Longest string challenge
Note: This task description was recently changed to following discussions on the talk page about intent, the nature of restrictions, and applicability. The new task should not invalidate any solutions and provides additional guidance and flexibility.
Background
- This problem and challenge is inspired by one that used to be given as a challenge to students learning Icon. It was intended to be tried in Icon and another language the student was familiar with. The basic problem is quite simple the challenge and fun part came through the introduction of restrictions. Experience has shown that the original restrictions required some adjustment to bring out the intent of the challenge and make it suitable for Rosetta Code.
- The original programming challenge and some solutions can be found at Unicon Programming TWiki / Longest Strings Puzzle. (See notes on talk page if you have trouble with the site).
Basic problem statement:
- Write a program that reads lines from standard input and, upon end of file, writes the longest line to standard output.
- If there are ties for the longest line, the program writes out all the lines that tie.
- If there is no input, the program should produce no output.
Original list of restrictions:
- 1. No comparison operators may be used.
- 2. No arithmetic operations, such as addition and subtraction, may be used.
- 3. The only datatypes you may use are integer and string. In particular, you may not use lists.
An additional restriction became apparent in the discussion.
- 4. Do not re-read the input file. Avoid using files as a replacement for lists.
Intent of Restrictions
- Because of the variety of languages on Rosetta and the wide variety of concepts used in them there needs to be a bit of clarification and guidance here to get to the spirit of the challenge and the intent of the restrictions.
- The basic problem can be solved very conventionally and that's boring and pedestrian. The original intent here wasn't to unduly frustrate people with interpreting the restrictions, it was to get people to think outside of their particular box and have a bit of fun doing it.
- The guiding principle here should be that when using the language of your choice, try to solve this creatively showing off some of your language capabilities. If you need to bend the restrictions a bit, explain why and try to follow the intent. If you think you've implemented a 'cheat' call out the fragment yourself and ask the reader if they can spot why. If you absolutely can't get around one of the restrictions, say why in your description.
- Now having said that, the restrictions require some elaboration.

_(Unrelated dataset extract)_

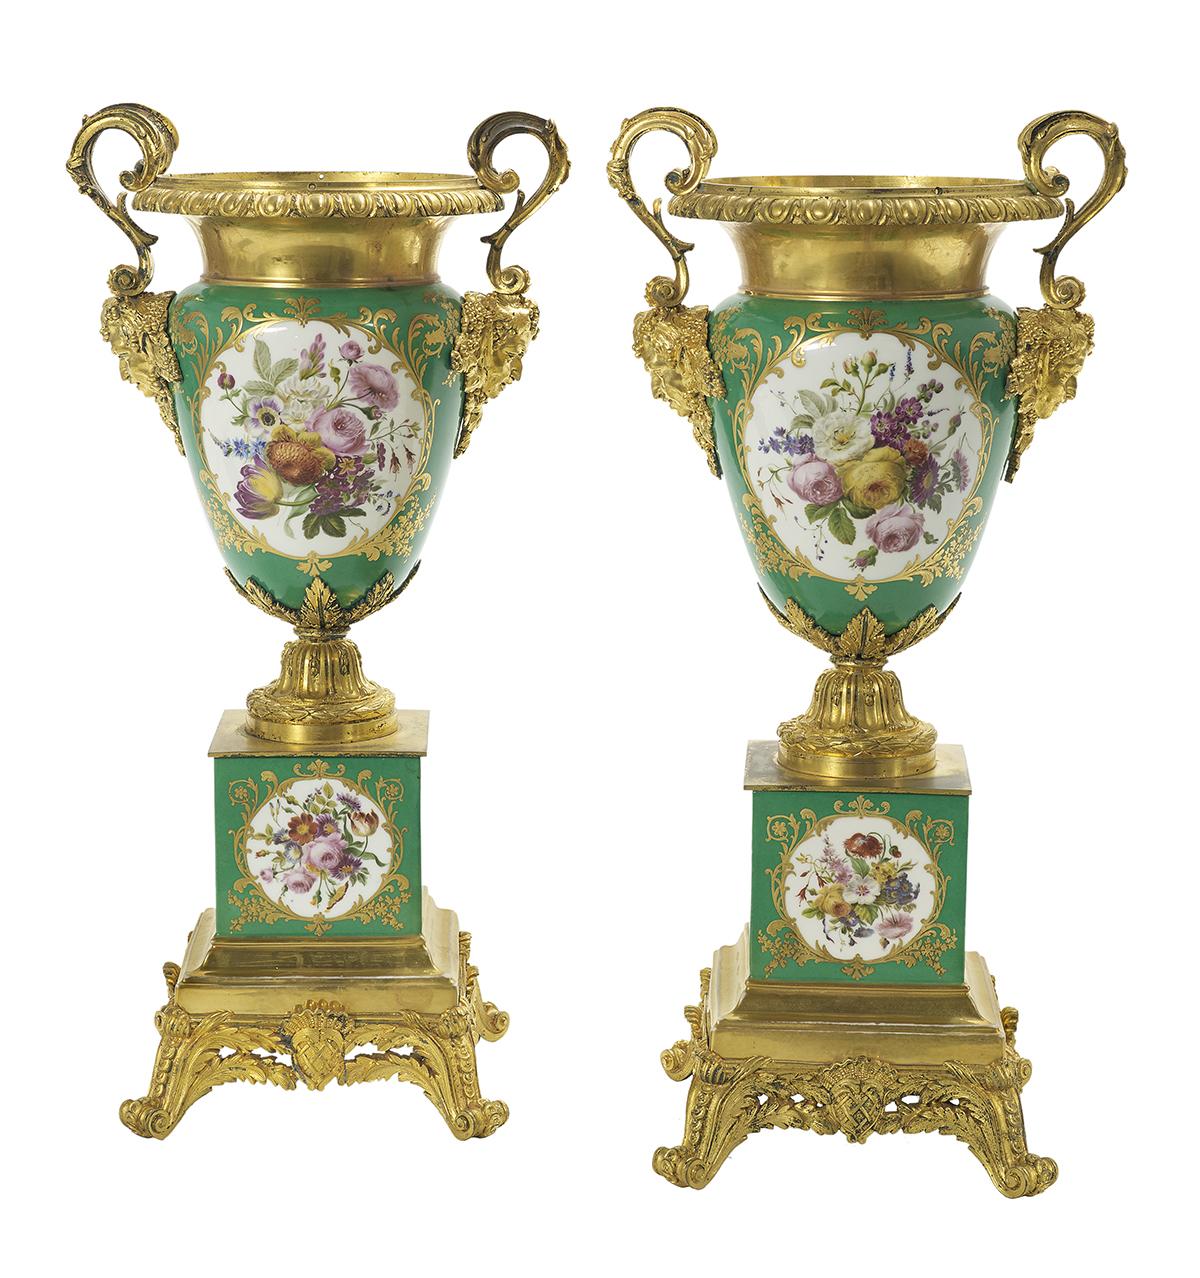 Lot 980 - Pair of Jacob Petit Porcelain and Ormolu Vases

- In general, the restrictions are meant to avoid the explicit use of these features.
- "No comparison operators may be used" - At some level there must be some test that allows the solution to get at the length and determine if one string is longer. Comparison operators, in particular any less/greater comparison should be avoided. Representing the length of any string as a number should also be avoided. Various approaches allow for detecting the end of a string. Some of these involve implicitly using equal/not-equal; however, explicitly using equal/not-equal should be acceptable.
- "No arithmetic operations" - Again, at some level something may have to advance through the string. Often there are ways a language can do this implicitly advance a cursor or pointer without explicitly using a +, - , ++, --, add, subtract, etc.

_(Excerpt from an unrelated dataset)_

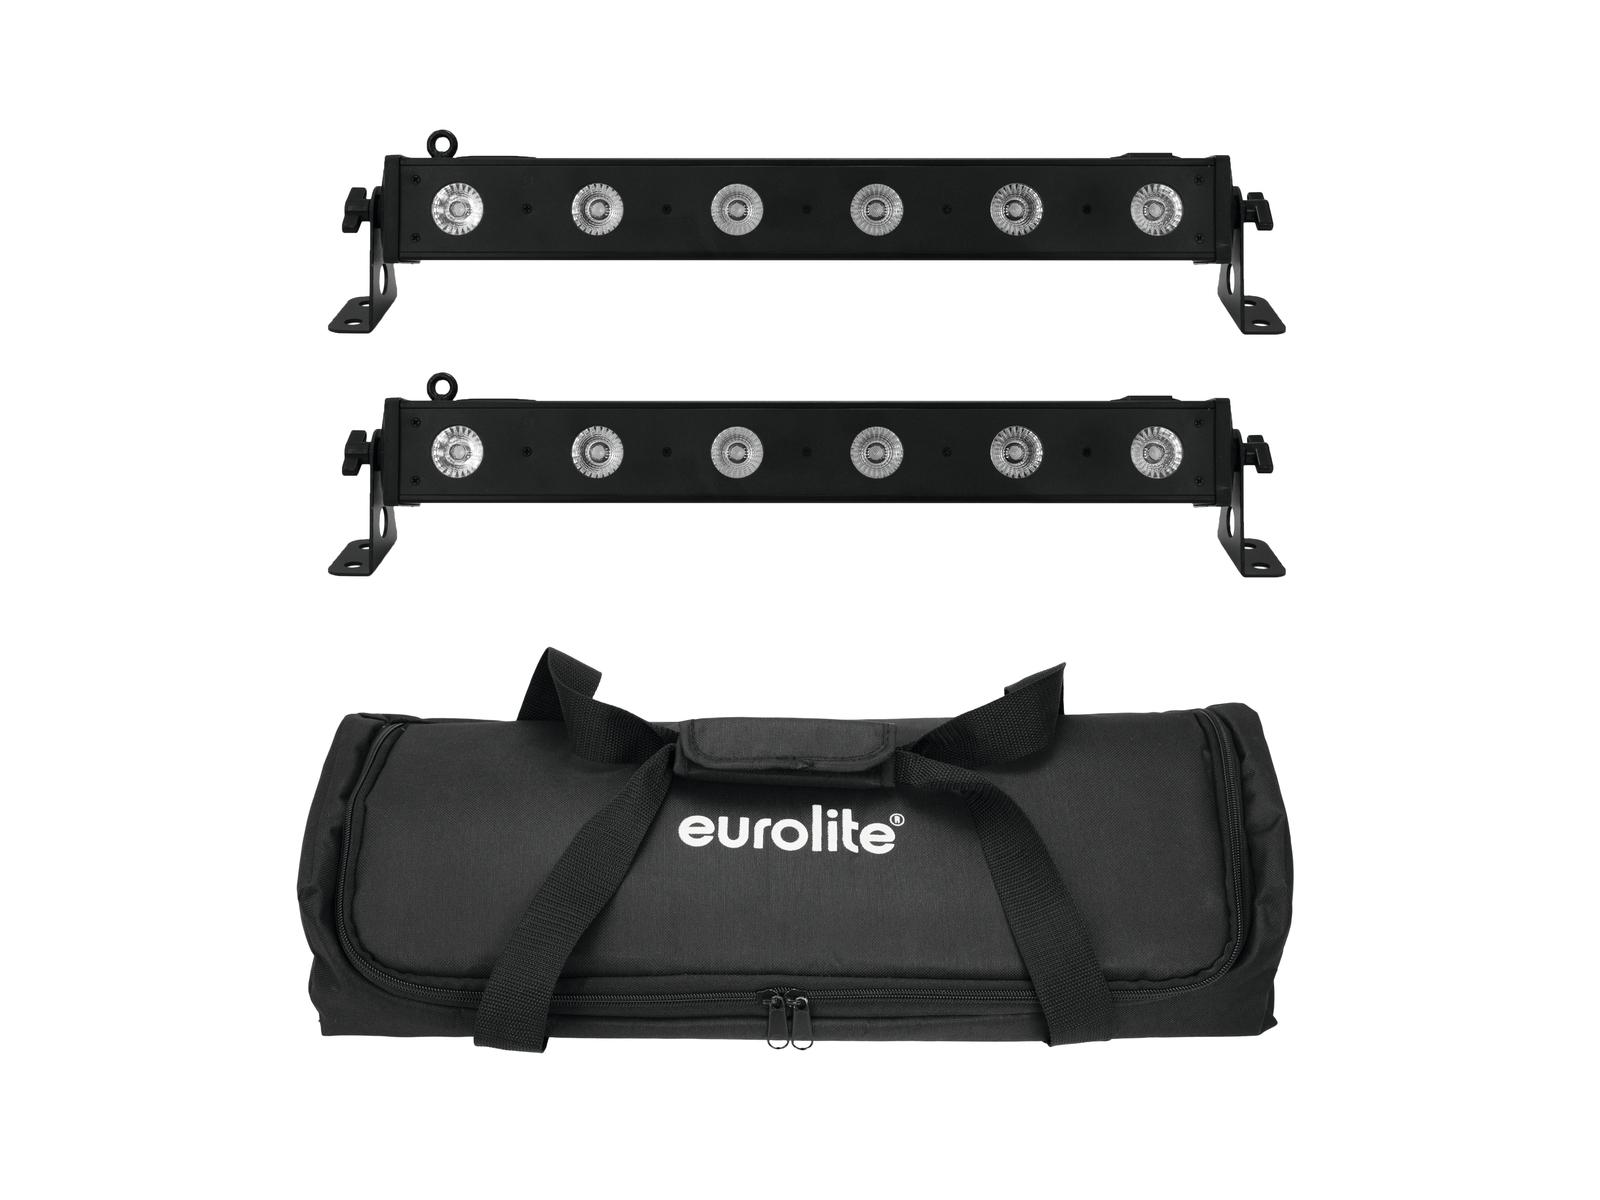 EUROLITE Set 2x LED BAR-6 QLC RGBW + Borsa Morbida

- The datatype restrictions are amongst the most difficult to reinterpret. In the language of the original challenge strings are atomic datatypes and structured datatypes like lists are quite distinct and have many different operations that apply to them. This becomes a bit fuzzier with languages with a different programming paradigm. The intent would be to avoid using an easy structure to accumulate the longest strings and spit them out. There will be some natural reinterpretation here.
- To make this a bit more concrete, here are a couple of specific examples:
- In C, a string is an array of chars, so using a couple of arrays as strings is in the spirit while using a second array in a non-string like fashion would violate the intent.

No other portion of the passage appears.